Renato Losio 💭💥 for AWS Heroes

Posted on Dec 13 • Originally published at cloudiamo.com on Dec 13

S3 Lifecycle or Intelligent-Tiering? Object Size Always Matters

#cloud #aws #costoptimization #s3

As a cloud architect and storage expert, I often hear the question: Which storage class should I use on Amazon S3? The answer is simple: as always, it depends. Today, we’ll explore some anti-patterns you might overlook when transitioning data between storage classes, whether using lifecycle rules or a managed class like S3 Intelligent-Tiering.

A Short Journey Back in Time

Amazon S3 was announced almost 19 years ago. It’s one of the oldest services on the platform, second only to Amazon SQS. What we see today as Amazon S3 vastly differs from what was available many years ago.

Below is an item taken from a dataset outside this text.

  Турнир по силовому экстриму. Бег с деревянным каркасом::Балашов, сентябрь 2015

Even just a few years ago, there was no S3 Storage Lens, no conditional writes (introduced earlier this year), and no S3 Intelligent-Tiering storage class. There were no S3 triggers, there was no replication across buckets or regions. When I started working with S3 (around 2010), it was a fairly limited service but, in some ways, simpler than it is today.

At the same time, we tend to forget how expensive it was. As part of the announcement 19 years ago, Jeff Barr wrote:

“1 GB of data for 1 month costs just 15 cents.”

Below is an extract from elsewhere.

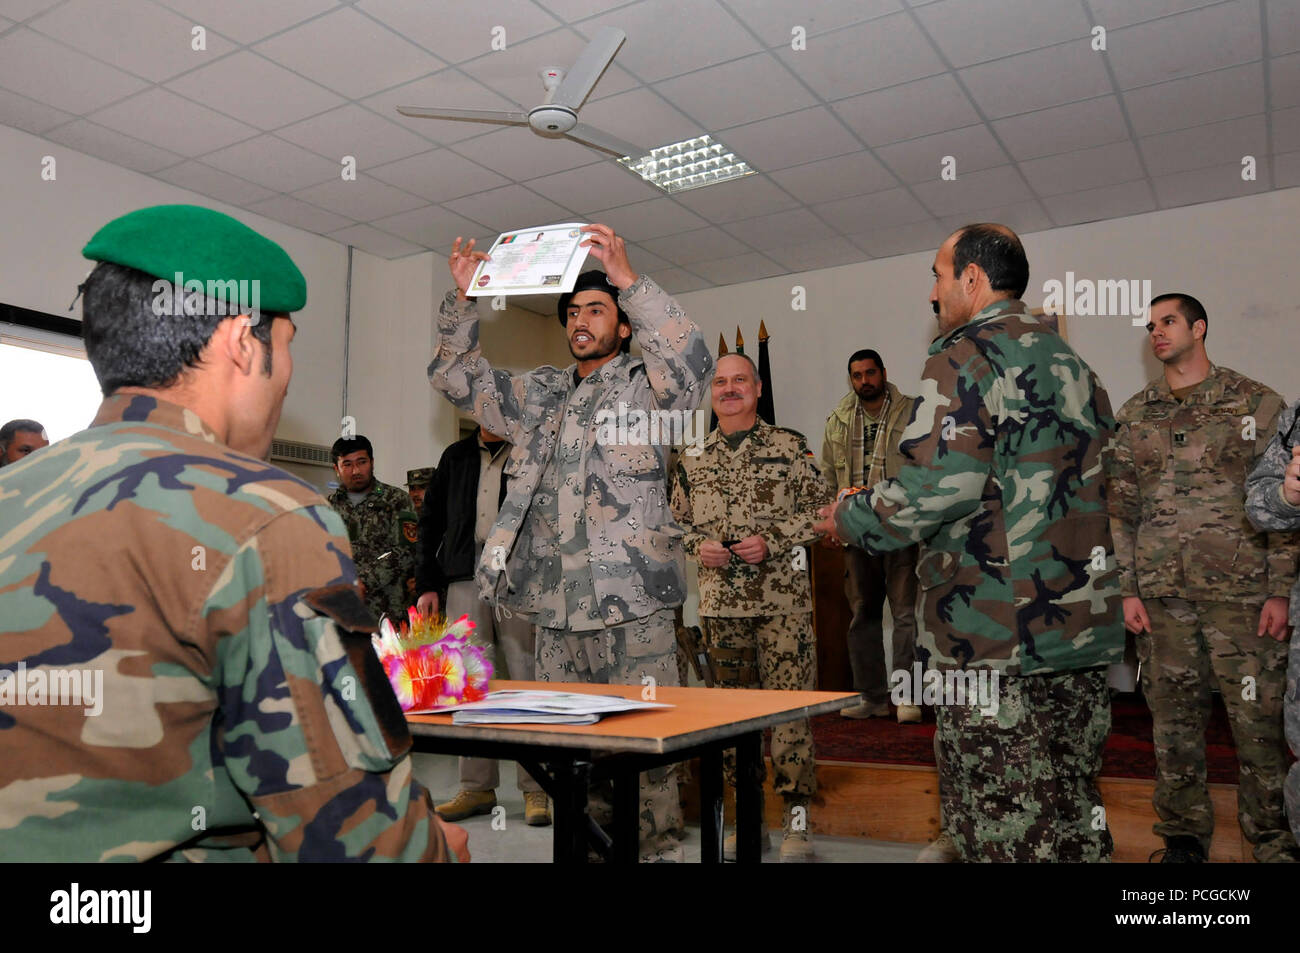 Un soldado del Ejército Nacional Afgano muestra con orgullo su certificado durante una ceremonia de graduación en la Escuela de Ingenieros del Ejército Nacional Afgano Spann cerca del campamento, el 15 de diciembre. Quince soldados afganos se graduó en la ceremonia y ahora puede llevar el parche de eliminación de artefactos explosivos y placas después de completar 22 semanas de intensas EOD y dispositivo explosivo improvisado derrotar a la formación. La Escuela de Ingenieros es el único en Afganistán que enseña los fundamentos de la EOD y IEDD afgana a las fuerzas de seguridad nacionales. La Fuerza Internacional de Asistencia para la seguridad en el Comando Regional Norte Nacional Afgano admite S Foto de stock

The same storage class today costs just 2.3 cents (or less) per GB in the US East region. With additional storage classes designed to optimize costs, it can go below 0.1 cents per GB.

Storage Class	Storage Price per GB
Standard	2.3 cents (or less)
Standard Infrequent Access	1.25 cents
Glacier Instant Retrieval	0.4 cents
Glacier Deep Archive	Less than 0.1 cents

AWS keeps iterating, adding new features and options. As a cloud architect, your job is to stay up to date. If you deployed and optimized costs on S3 five years ago, it’s time to revisit your setup. There’s a good chance your deployment is no longer optimized, and you might be leaving money on the table. Keep iterating!

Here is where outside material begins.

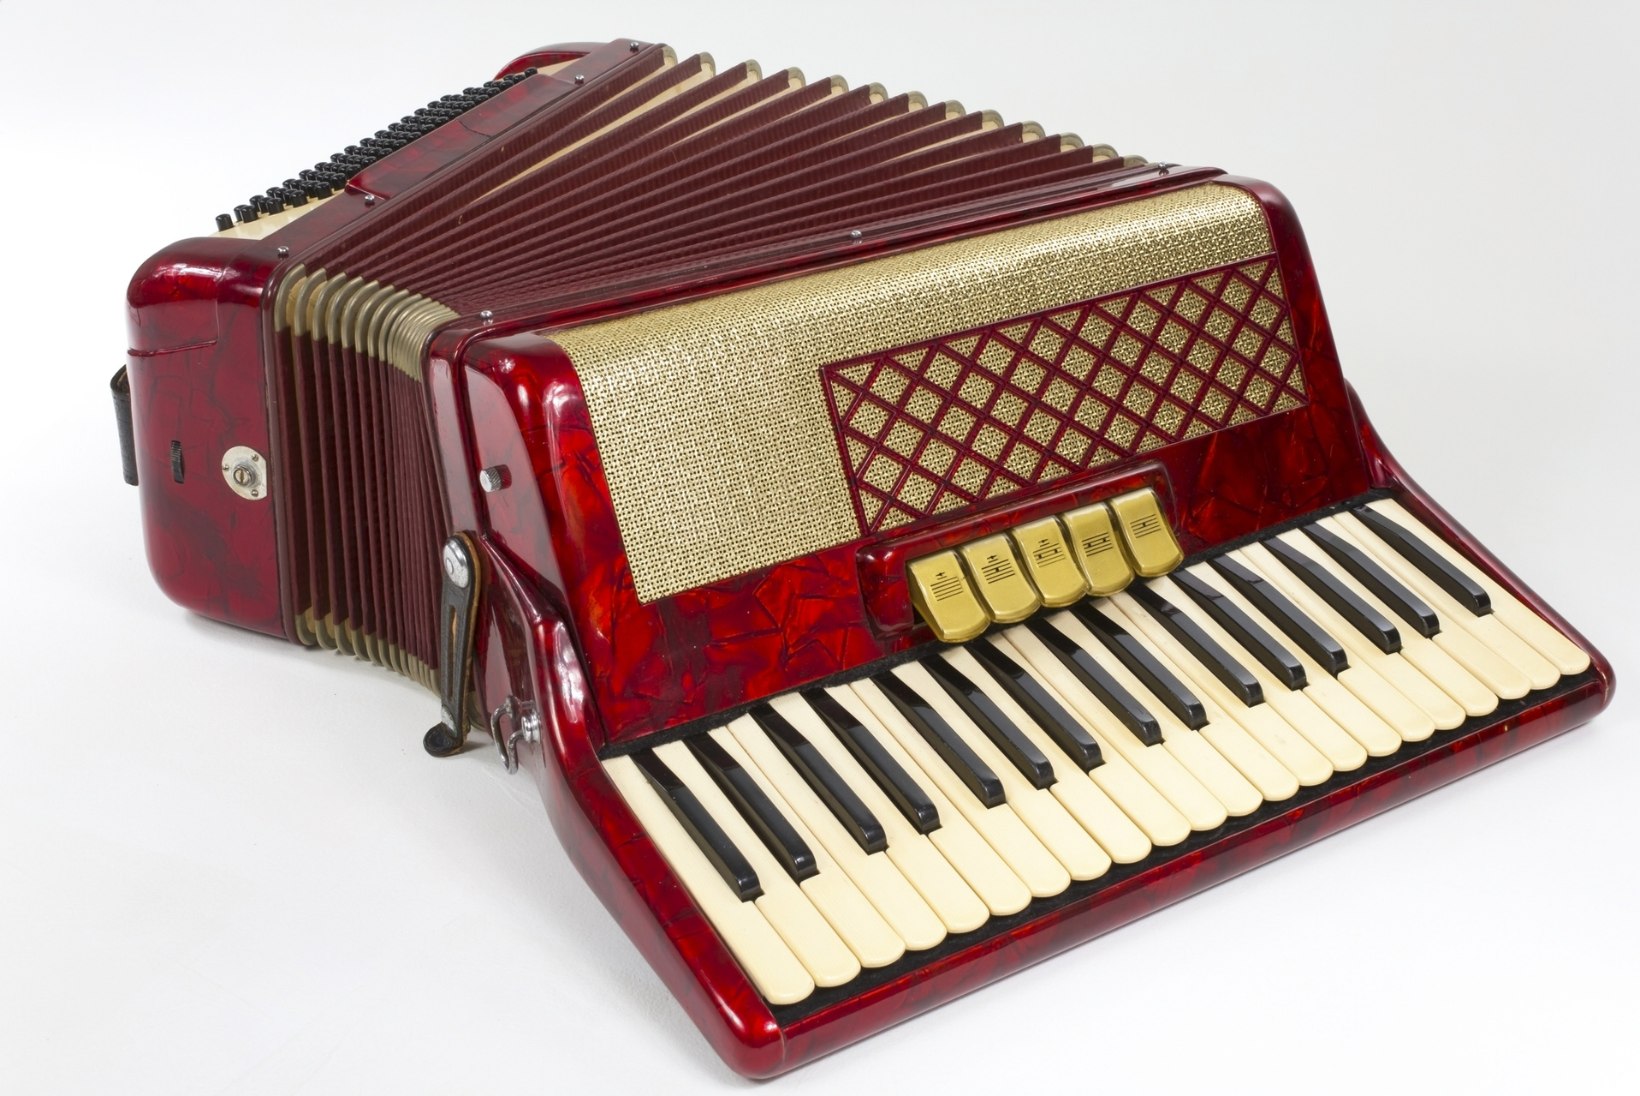 RAHA PÖÖNINGUL | Vana akordioni eest võib saada kuni 1400 eurot!

How to Choose a Storage Class

Choosing the right storage class depends on the scenario, use case, and associated costs. The price isn’t just about storage. Costs also depend on how you access your data, how you upload it, and how you move it around. So, deciding on the best storage class isn’t always straightforward.

Hot storage refers to data that is frequently accessed and requires fast, consistent response times. On the other hand, cold storage is designed for data accessed infrequently and without the urgency required for hot data. The challenge? The same data often transitions from hot to cold over time.

Different classes come with varying retrieval costs, latency, availability, and minimum time commitments. Some classes store every copy of the data in a single Availability Zone, while others replicate data across three different ones. Different requirements mean different use cases. So, the big question is: how do you choose your storage class?

There are some common patterns. Typically, new data is “warmer.” Over time, the likelihood of accessing that data decreases. This isn’t unique to AWS or object storage. For example, Dropbox has shown that even in backup solutions, most retrieved data is newly uploaded:

“As we have observed that 90% of retrievals are for data uploaded in the last year and 80% of retrievals happen within the first 100 days”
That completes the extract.